The broader point is this: R gives you the tools to reshape the language around your problem. Formulas reshape arithmetic into model specification. ggplot2 reshapes + into layer composition. dplyr reshapes function calls into data queries. When you find yourself writing repetitive, mechanical code, consider whether a small DSL, even just a class with a few overloaded operators, would let you express the same ideas more directly. That is what Landin meant by “a language appropriate to the problem,” and it is what R, more than most languages, makes practical.

Exercises

  1. Extend the unit DSL with a summary.unit_val method that, given a list of unit_val objects (all with the same unit), returns the min, max, and mean.
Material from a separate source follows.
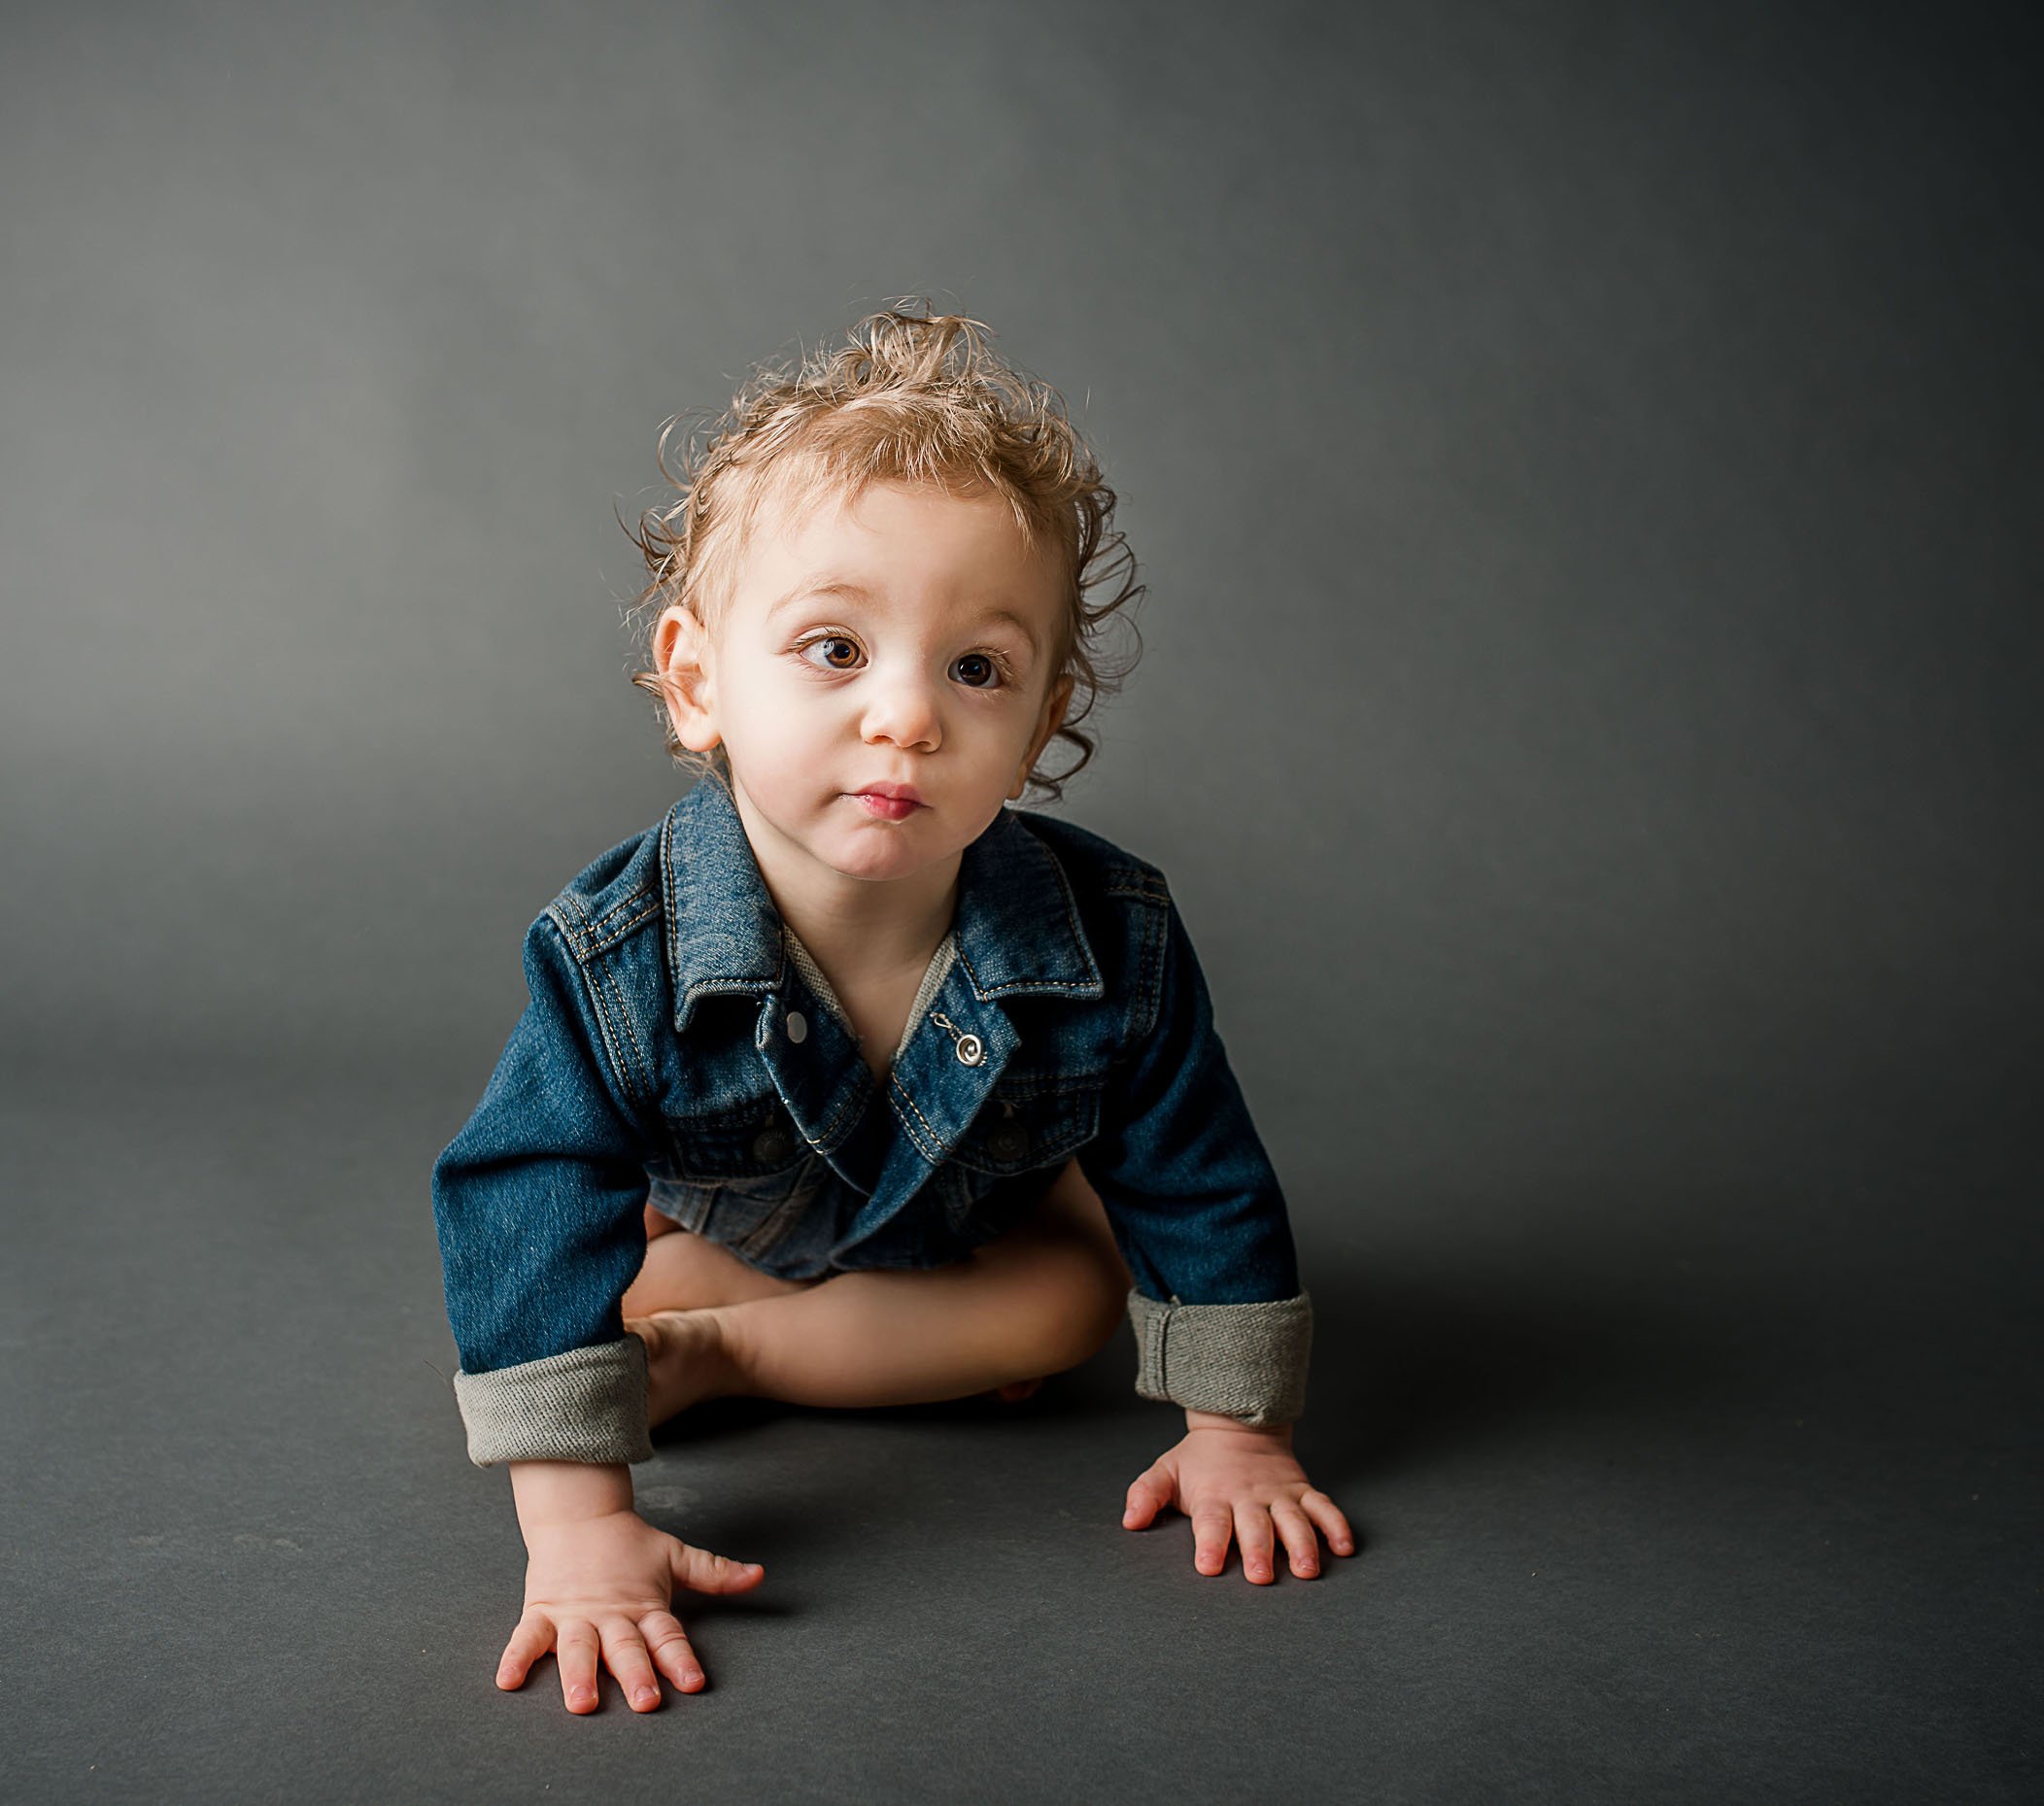 18 month old boy crawling on grey in a denim jacket One Big Happy Photo

Validate that all units match.
  2. Design (on paper, no code required) a DSL for describing file-processing pipelines: read a CSV, filter rows, rename columns, write output. What would the verbs be? What class would they operate on? How would they compose?
  3. Read the source of htmltools::tag(). How does it build HTML from R function calls? Which of the techniques from this chapter does it use?
  4. Pick a repetitive task from your own work. Sketch a five-function DSL that would make it more concise. What class would you define? What operators would you overload?